In December, Black Forest Labs raised funding at a $3.25 billion valuation after signing deals to power AI image-generation features in Adobe and graphic design platform Canva. It has also tied up with leading AI labs like Microsoft, Meta and xAI to provide similar features in their products.
Nearly two years after its launch, Black Forest Labs may be taking a selective stance about who it will work with. In 2024, Elon Musk’s xAI uses Black Forest Labs to power Grok’s first image generator. That partnership put Black Forest Labs on the map but generated a lot of controversy due to the chatbot’s limited security measures. This ended months later when xAI developed an in-house AI image model.
In recent months, xAI approached Black Forest Labs about re-licensing the startup’s technology, sources familiar with the matter told WIRED. This time, Black Forest Labs declined, the sources said, finding it too operationally difficult to partner with XAI, which has a famously chaotic work environment. xAI did not immediately respond to WIRED’s request for comment.
In September, Black Forest Labs signed a $140 million multiyear deal to give Meta access to its AI image-generation technology.
These AI labs want to work with Black Forest Labs because its image generators are among the world’s best, ranking just below OpenAI and Google’s offerings on the third-party firm’s artificial analysis benchmarks. The startup also offers some of the most downloaded text-to-image models on Hugging Face, indicating that a lot of AI image tools on the market are likely powered by the free version of Black Forest Labs’ technology.

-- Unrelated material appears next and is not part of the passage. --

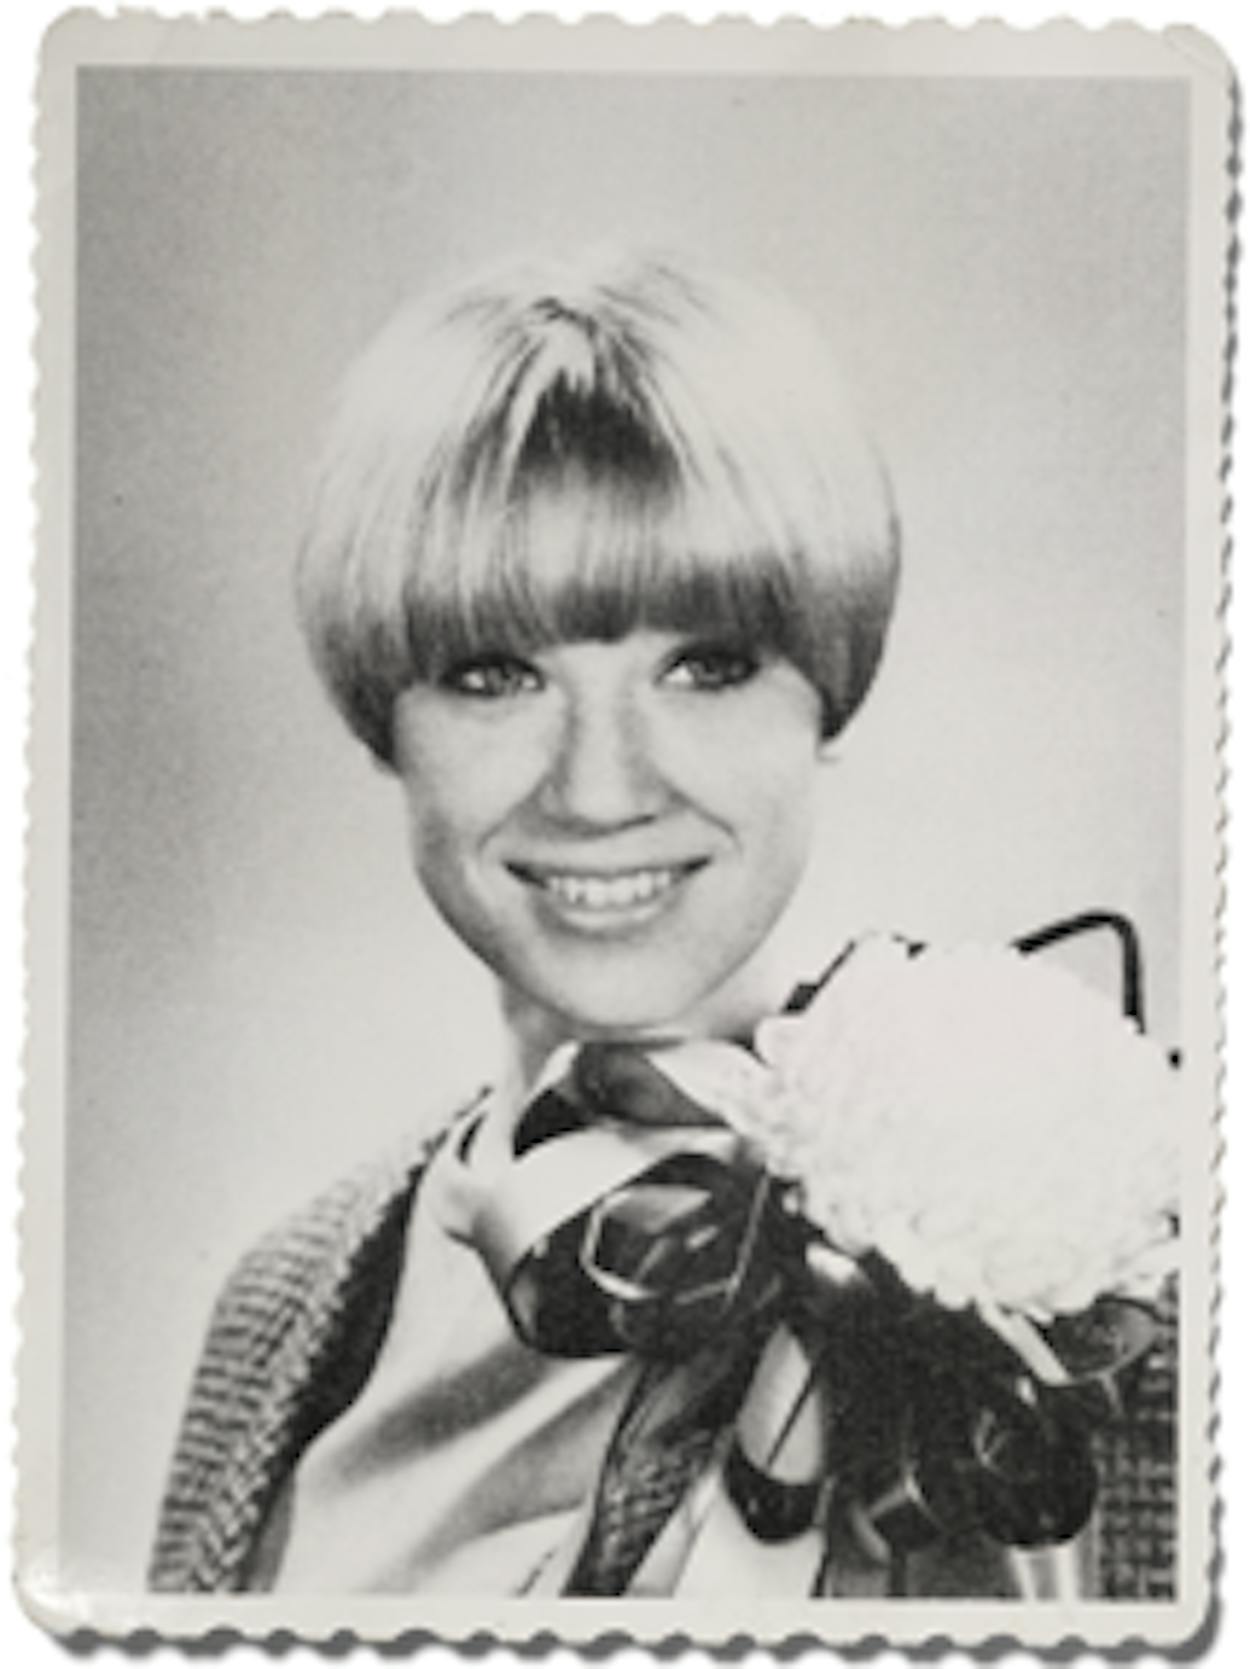 Old black and white headshot of Sissy Spacek in high school.

This is especially impressive given that the company has historically had far fewer resources than its competitors. This has led it to a more efficient line of research called latent propagation, which is essentially when an AI model first creates a rough blueprint of an image, and then draws in more detail.
“Latent propagation enabled us to offer very powerful models that took orders of magnitude less resources than our competing models,” co-founder Andreas Blattmann said in an interview with WIRED on HumanX’s stage this week.
Despite its success, Black Forest Labs believes that image building is only the beginning. Blattman said the startup plans to unveil a robot powered by one of its AI models later this year. (He didn’t say which company is making the hardware.) The effort is part of a larger opportunity the company sees to create AI that can understand the physical world and take action.
“Visual intelligence is much more than content creation. Content creation is the first step in this whole technology,” Blattman said. “The thing I’m personally really excited about—and this is a pattern at this conference—is physical AI.”
Black Forest Labs is also in talks with some hardware companies to power features in products like smart glasses and robots, sources told WIRED.
Building in the Black Forest
Blattman and his co-founders, Robin Rombach and Patrick Essar, made a name for themselves in 2021 by publishing some groundbreaking research on AI image models. In 2022, he was hired by Stability AI and released Stable Diffusion, a popular open source AI image generator, based on his prior research. But two years later, he announced his departure and launched Black Forest Labs.
Rather than move to San Francisco, the trio decided to maintain a headquarters near their hometown in Freiburg, Germany. Blattman said the decision has been critical to the company’s success.